3 Positive Actions You Can Take

As the opioid crisis continues to grow, it becomes increasingly likely that you will eventually know someone who is directly afflicted by addiction. And while it’s ultimately up to the user to make a conscious decision to stop, there are a number of positive actions you can take to do your part in ending what has become one of the worst public health crises in American history.

  • Know the Signs

Your first responsibility is to know the signs of addiction so that you can step up in a loved one’s life when you’re needed. Every situation can be unique, but ask yourself the following:

  • Does the person take drugs in larger amounts (or for longer than directed)?
  • Has the person expressed a desire to cut back, but can’t?
  • Has the individual’s ability to manage responsibilities been negatively impacted?
  • Has the person developed withdrawal symptoms?

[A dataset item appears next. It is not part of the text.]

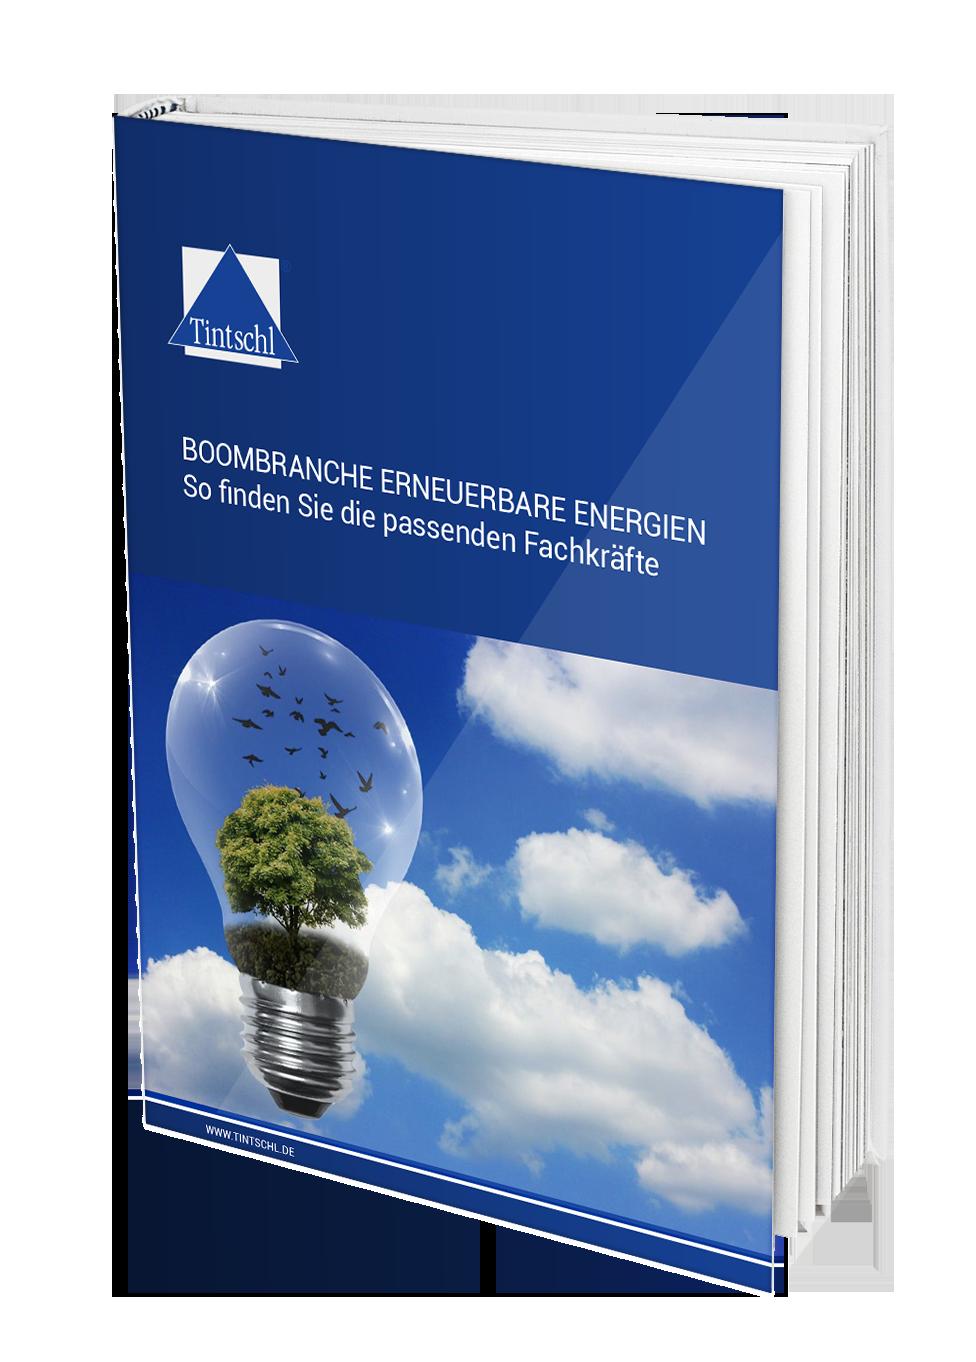 Boombranche Erneuerbare Energien

These are just a few signs that something isn’t right. If you notice one or more of these symptoms, you should be on full alert.

  • Do Some Work Behind the Scenes

Television personality Sharon Osbourne has firsthand experience walking loved ones through opioid addiction. Not only has her husband battled addiction, but so have her two adult children, Jack and Kelly. Her advice to others in a similar situation is to say more than, “Please quit.”

“Before beginning the conversation, it can be helpful to explore all treatment options,” Osbourne suggests. “For Jack, I helped find a treatment center that seemed right for him and called them to make arrangements. When I told him about the program, he ran away for two days. But when he came back, he said he was ready to begin treatment, and we left immediately.”

  • Put Pressure on Your Lawmakers

Whether you realize it or not, you have influence over how our lawmakers shape the rules surrounding addiction treatment. Make your voice heard by calling for federally funded addiction treatment that is evidence-based. This last part is crucial, as other forms of treatment are ineffective at best.

Now is the Time for Change

Every individual has a story, and we must remember that addiction is a disease – not a choice. We end the opioid crisis by taking every case of addiction seriously. And though you might not be able to do much about the opioid crisis in another city or state, you can play your part in positively impacting the people in your life. Now is the time for a change – will you step up?